Она сидела перед ним, размешивая сахар и глядя в кофейную чашечку, как женщина, которая хочет понравиться и для которой ресторан и мужчина, вечер в гостинице и наступающая ночь больше, чем просто вечер и просто ужин. Во всяком случае, так казалось Тарасову. А что! У нее приятный голос… Писателю какому-нибудь говорят: у вас превосходный язык… Толстому или Достоевскому этого никто не говорил, наверное. И все-таки у нее голос в самом деле похож на звук гармошки… Если растянуть мехи, прижав две-три кнопочки или клавиши, гармошка издает похожий звук…

– Жизнь и смерть! – сказал Тарасов. – Категории… не по мне… Люблю думать, что я деловой человек. Много болтаю, согласен. Это бывает. С мужиками я молчаливее. А тут просыпается вдруг болтун. Матовые плечи, матовые плечи! Для меня это понятие примерно такое же – жизнь и смерть. Что за чушь! Матовые плечи… Мучной червяк тоже матовый… Или еще: ветерок блаженства… А что? Вот сейчас, например… Ветерок блаженства коснулся души… В Индии, между прочим, есть министр здравоохранения и благополучия семьи. Недавно смотрел по телевизору передачу для молодежи… Вы любите телевизор? Я, например, люблю. Умный парнишка, только что начавший работать на заводе, симпатичный… У него корреспондент спрашивает, что он больше всего любит, что ему приносит радость. А он, умница, говорит: «Выходные дни люблю, когда все вместе, всей семьей собираемся, завтракаем вместе, обедаем…» Как хорошо! А корреспондент: «Кто ж не любит! А в работе радости были?» – «В работе? – спрашивает парнишка. – Были… Но еще мало. Я работу еще плохо знаю, еще многое непонятно». Вот умница! А тот, кто спрашивал, дурак. Разве можно так: «Кто ж не любит!» Многие, увы, не любят. Вы, например, любите?

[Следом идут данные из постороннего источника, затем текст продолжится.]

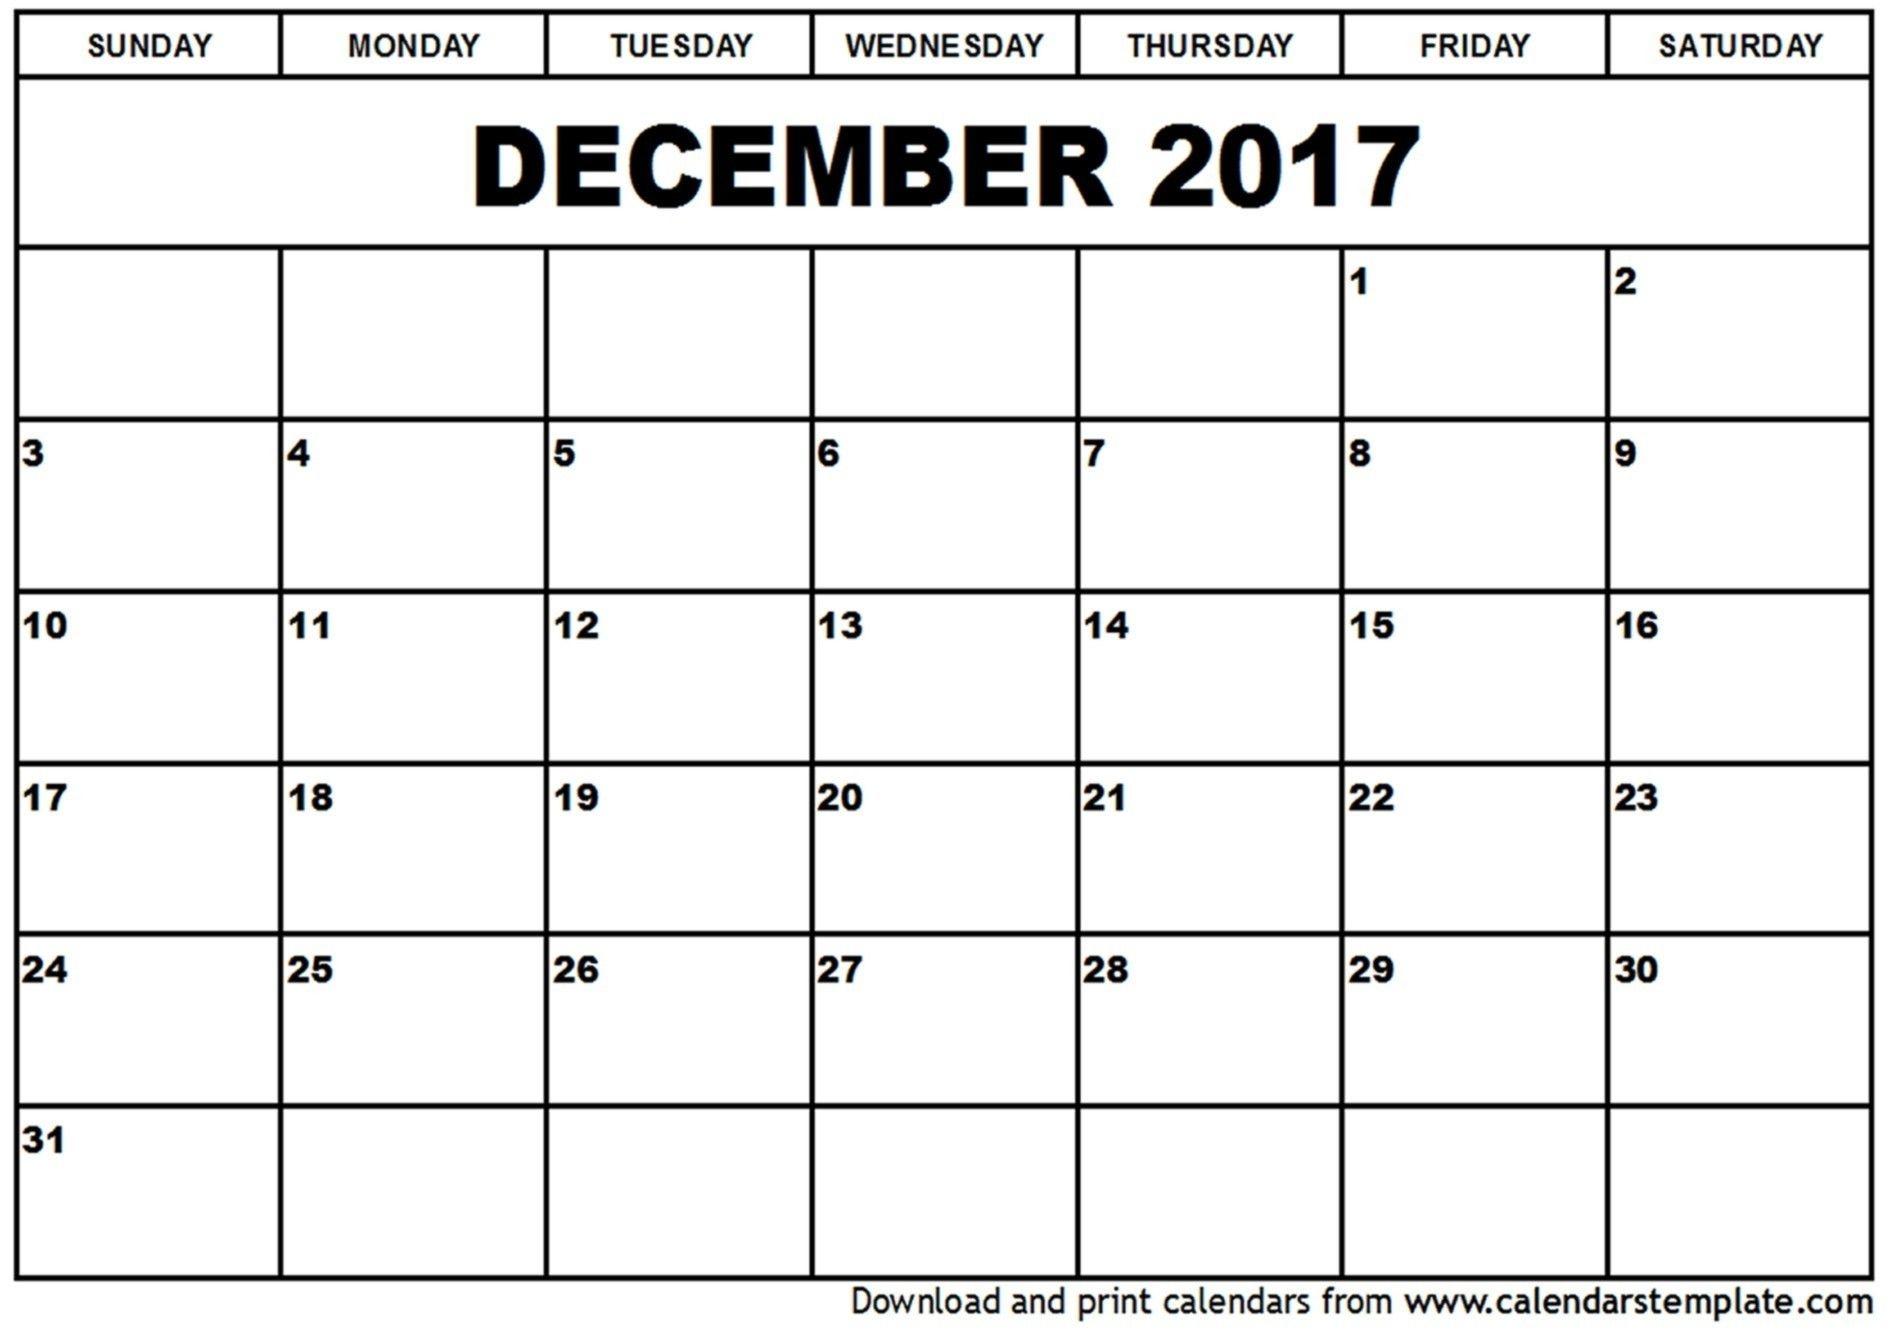 Free Printable Calendar I Can Type In | Ten Free Printable

Ему неприятен был взгляд этих широко расставленных, словно бы косящих глаз, которые не вписывались в поле его зрения: надо было смотреть в какой-нибудь один из них. Ему казалось, что женщина эта поглядывает на него насмешливо, а он не привык, чтобы на него так смотрели женщины, тем более что насмешливость ее была какая-то снисходительная: мне, конечно, смешно, но бог с вами, упражняйтесь… Что-то в этом роде, как если бы он был предметом наблюдения.

– Вы согласны со мной? – спросил Тарасов.

– В чем?

– Я хотел сказать… Вы поняли меня? Мой вопрос.

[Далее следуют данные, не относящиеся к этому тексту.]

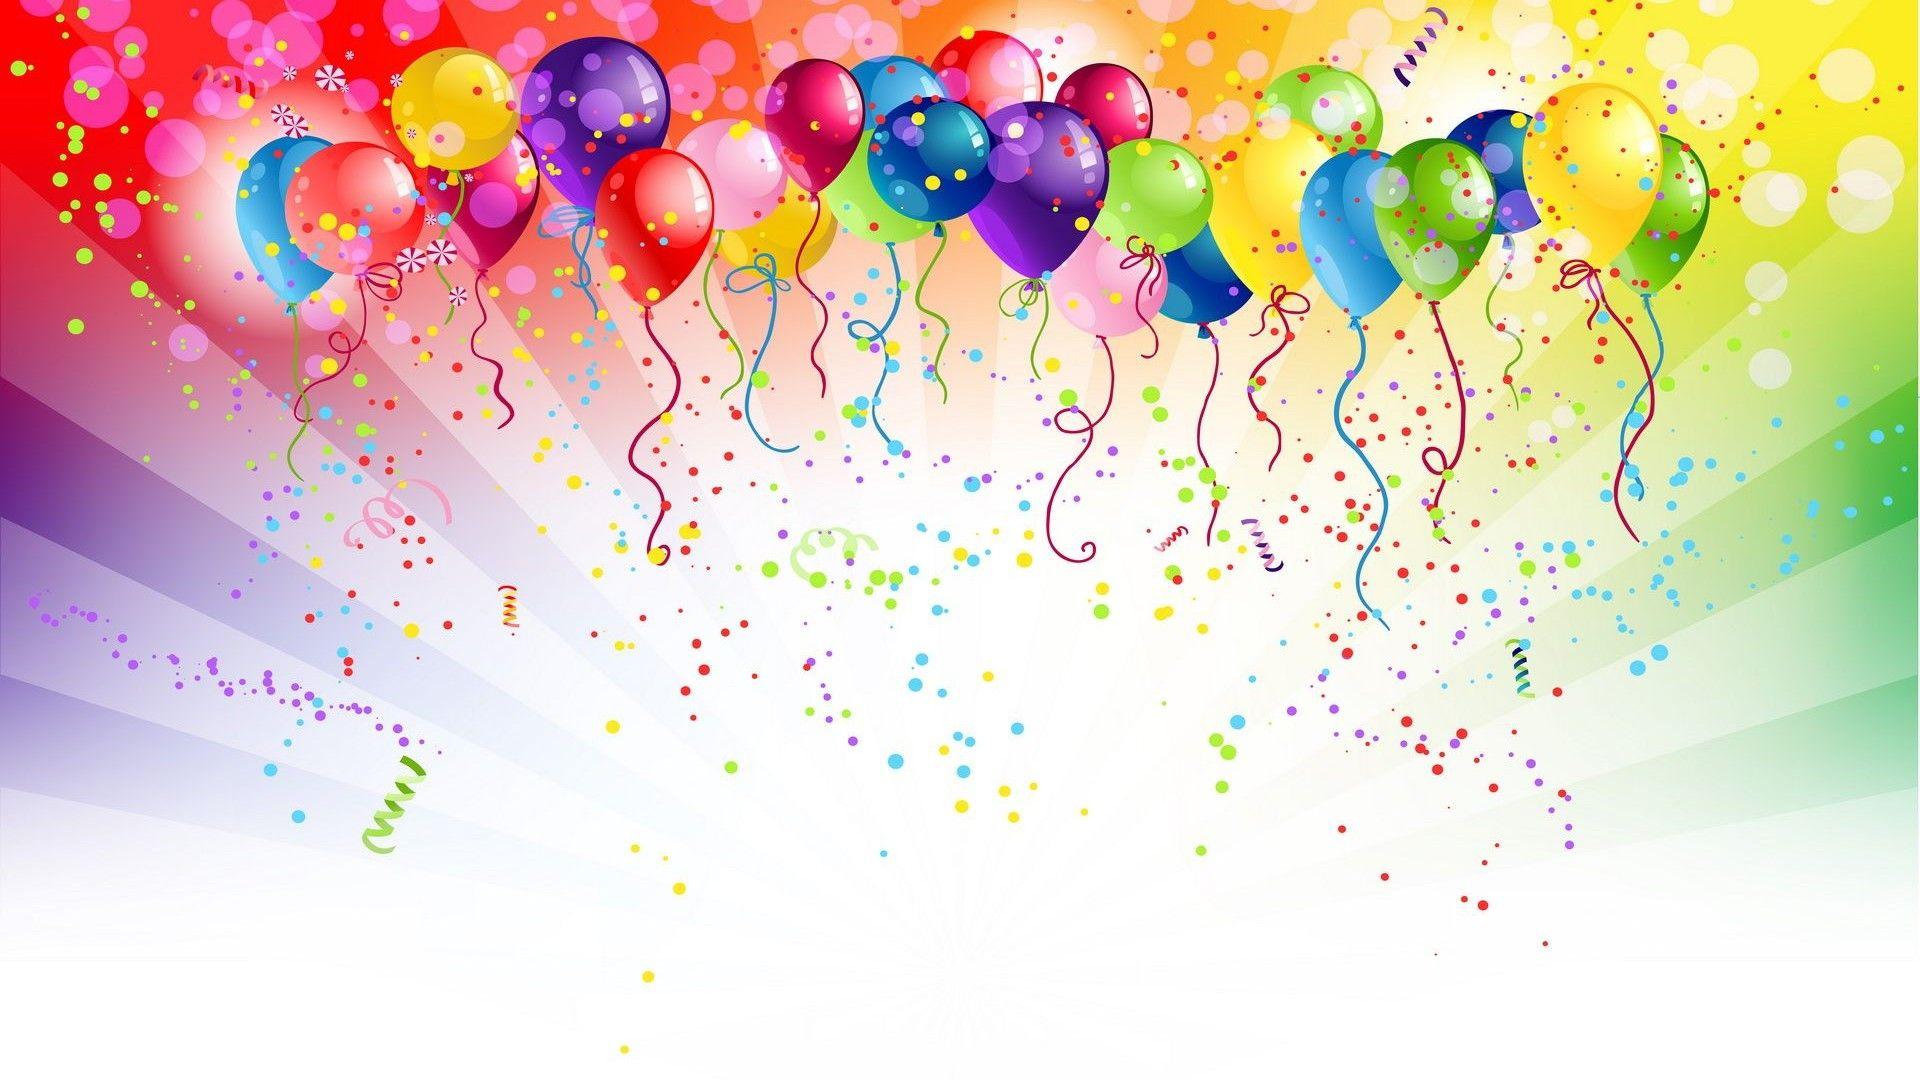 Happy Birthday Balloons Wallpaper Hd For Desktop Amp Mobile

– Вы что-то говорили о литературе… Начали говорить…

– Я?! Никогда. С чего вы взяли? Я говорю, вы согласны со мной, что скромное помалкивание расслабляет? Не дает энергии думать и делать лучше и красивее? А когда хвалишься, то и… Впрочем, мне это все равно.

– Нет, вы все-таки говорили о литературе, – упрямо сказала она, растягивая губы в улыбке и глядя мягким своим плаксиво-насмешливым глазом, как будто умоляла согласиться. – Вы что-то сказали о тайне, о смерти. Почему-то наша литература не касается этого… Ищу и нигде не нахожу. Просто найти попытку понять, задуматься хотя бы, что такое смерть. Никому не хочется, наверное. Это ведь очень страшно. Надо уйти в своем воображении из жизни. Не каждому под силу. Я понимаю. Но ведь надо!

– У каждого свое, – возразил Тарасов. – То есть она у каждого своя, личная, так сказать. Зачем же ее делать общественным достоянием? Да и не сделаешь все равно! Я думаю, у литературы, если уж вы хотите о литературе, другие задачи.

– О жизни, конечно. Да, но ценность-то жизни чем поверяется? В этом смысле…

Она так низко склонилась над столом, так обмякла на стуле, что почудилось, когда она посмотрела на Тарасова, будто взгляд ее выкатился из-под стола.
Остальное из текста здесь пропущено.